Fundamentally, when a state issues laws or decrees that do not correspond to the state of society, the latter gives birth to its codes which allow it to operate in a more convenient way than that required by the State without resorting to a contract of trust.

That is the theory but, on the grounds, it is the following:

  • The difference is due to weak production and productivity, notably through the injection of money without productive counterparts. According to an OECD report, Algeria’s labour productivity is one of the lowest in the Mediterranean basin. This is in addition to the disproportion between public spending and the low impact on the growth rate.

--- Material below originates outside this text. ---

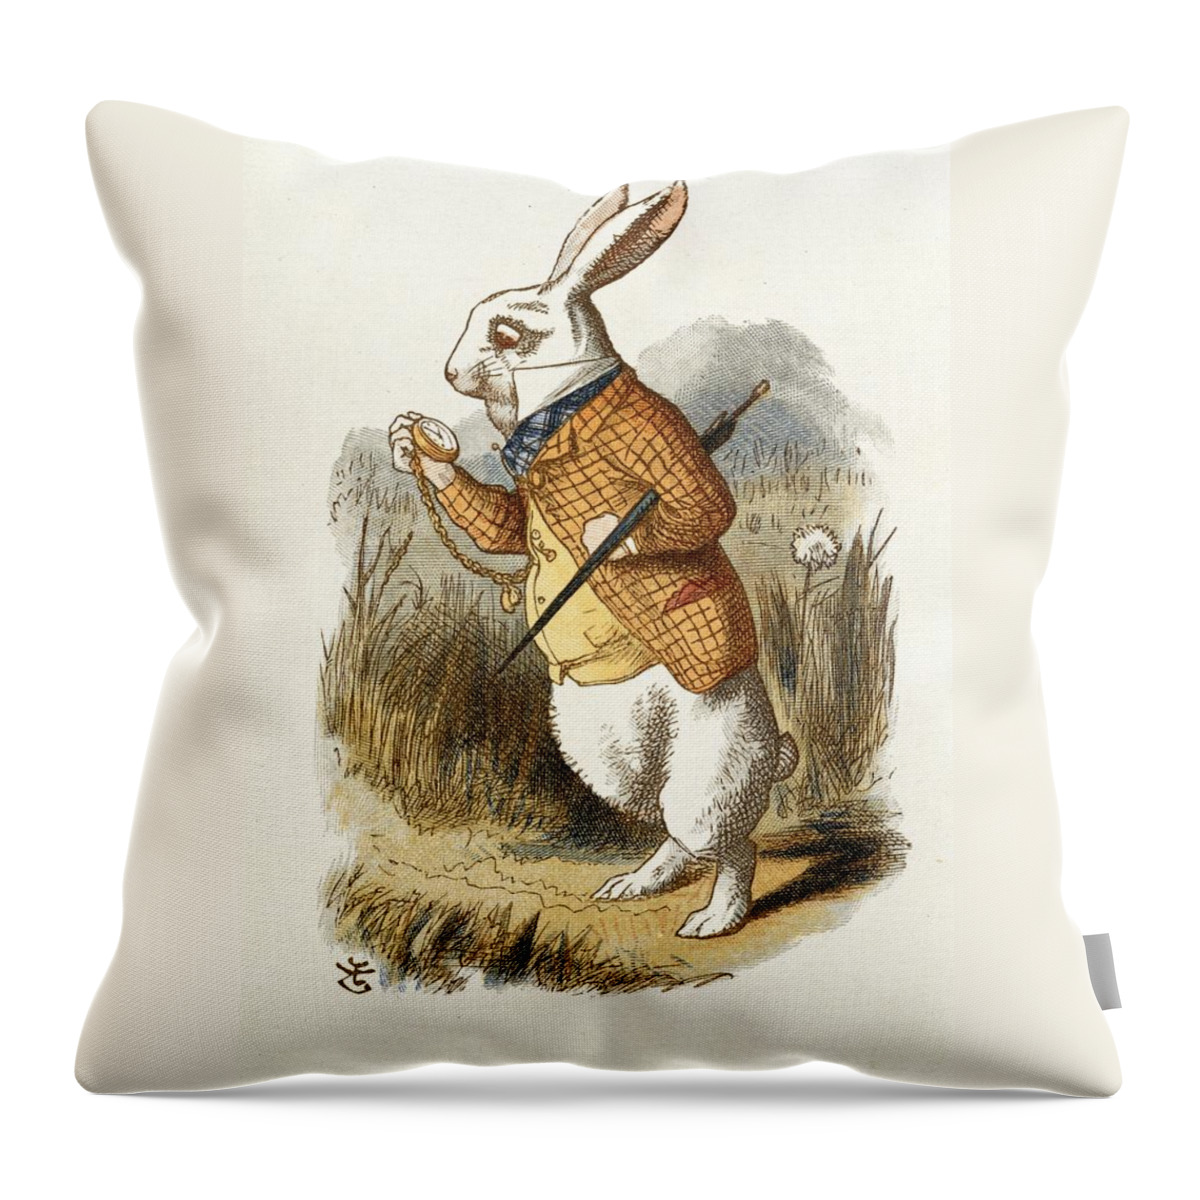 Alice In Wonderland Throw Pillow featuring the painting White Rabbit by John Tenniel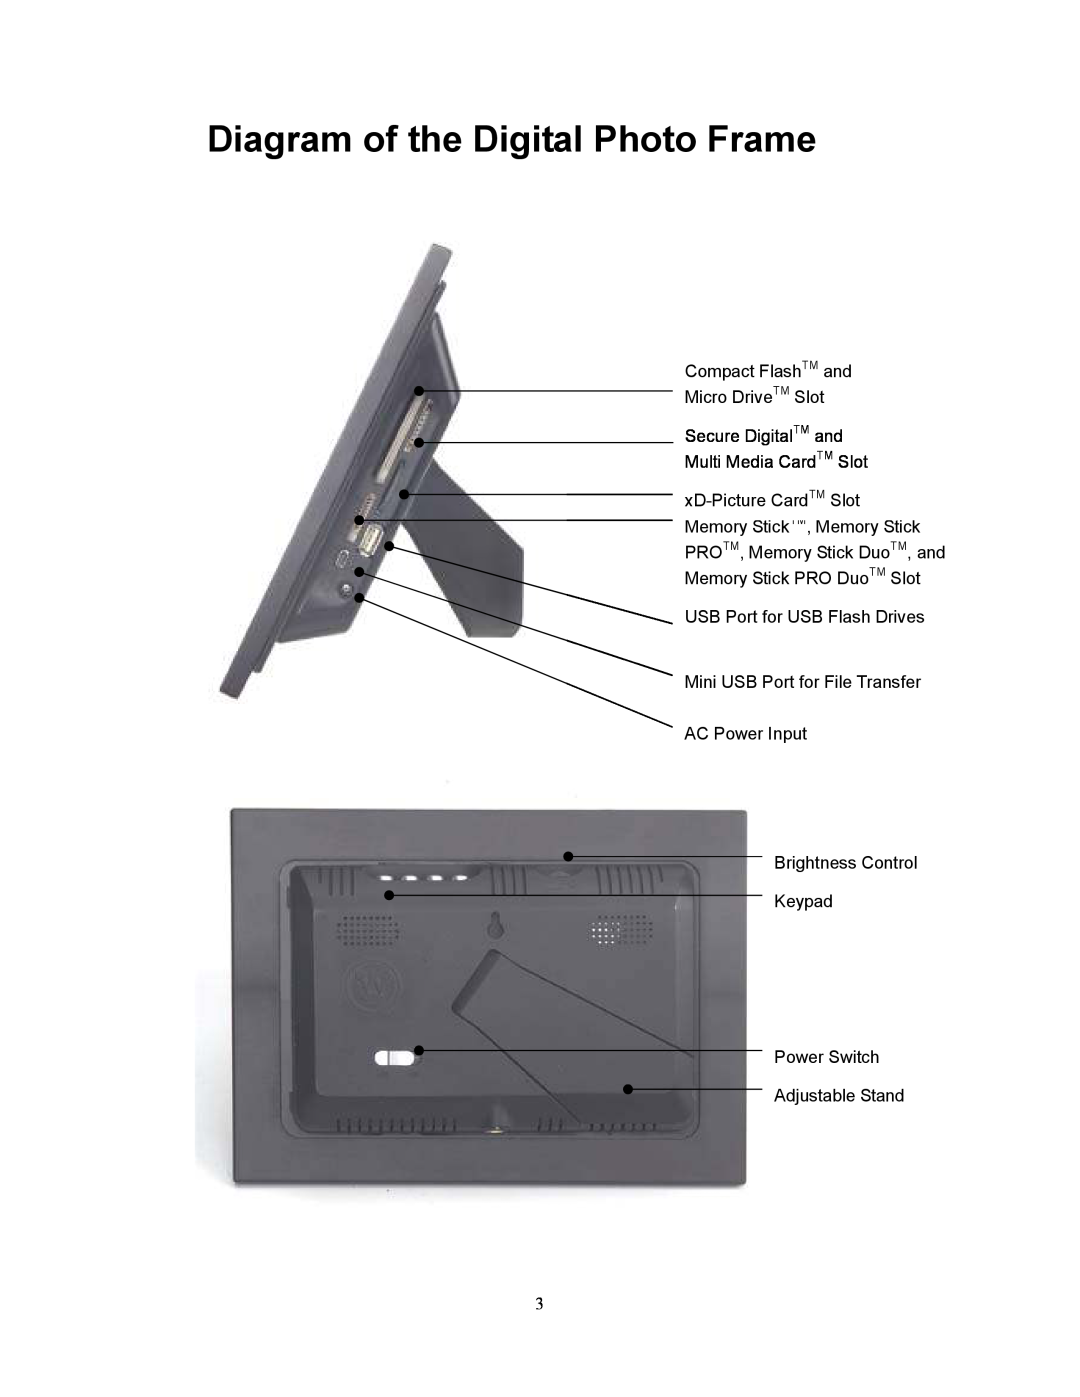 Westinghouse DPF-0701 Diagram of the Digital Photo Frame, Compact FlashTM and Micro DriveTM Slot Secure DigitalTM and

  • The decrease in supply explains the gap because of the global crisis, combined with a decrease in the Algerian retirees that has mostly mopped all the savings of emigration. This decline in the supply of foreign exchange has been offset by the fortunes acquired regularly or irregularly by the Algerian community locally and abroad, which have irregularly or regularly transited currencies showing that the parallel currency market is far more important than the saving of the Algerian diaspora.  These amounts functioning as communicating vessels between overseas and Algeria strengthen the supply.  There is, therefore, a dialectic link between these foreign currencies outflows due to overbilling and supply; otherwise the latter would be severely reduced, and the price on the parallel currency market would be higher, thus playing as a buffer to the fall of the Dinar on the parallel market.
  • The demand comes from ordinary citizens and tourists, those who treat themselves abroad and the hajji because of the weakness of the currency allocation which remains very derisory. However, it is the travel agencies which, if they do not benefit from the right to exchange, also use the black market as importers of services. Most of them export currencies instead of importing them as the tourist logic would have it like in Turkey, Morocco or Tunisia.
  • The high demand comes from the simple sphere as financial intermediation away from state circuits, explaining the mixed result of the measure to integrate this money capital within the real sphere.
  • The difference is due to the transition from REMDOC to the CREDOC that are common administrative financial regulations, which penalised small and medium-sized enterprises and did not allow the expected curbing the increase in imports that have doubled since 2009 while strengthening the tendencies of importers’ monopolies.  Many SME/SMIs to avoid supply failures have had to resort to the informal currency market.  In addition to the risks of alternative financing, the Minister of Finance announced $17 billion for 2018 in the case of non-control, feeding non-productive segments, it can lead to inflation that may lead to the depreciation of the Dinar in both the official and the informal markets.
  • Many Algerians and foreigners alike use the parallel market for their exchange of currencies since each Algerian is entitled to transfer only 7200 Euros per trip.
  • To guard against inflation, and thus prevent any possible deterioration of the Algerian Dinar, the populations do not only chase assets in purchases of land, real estate or gold but savings placed in hard currencies. Indeed, many households have moved in the perspective of a fall in oil revenues, and foreign exchange reserves that keep the Dinar quoted at more than 70%, purchase currencies in the informal market.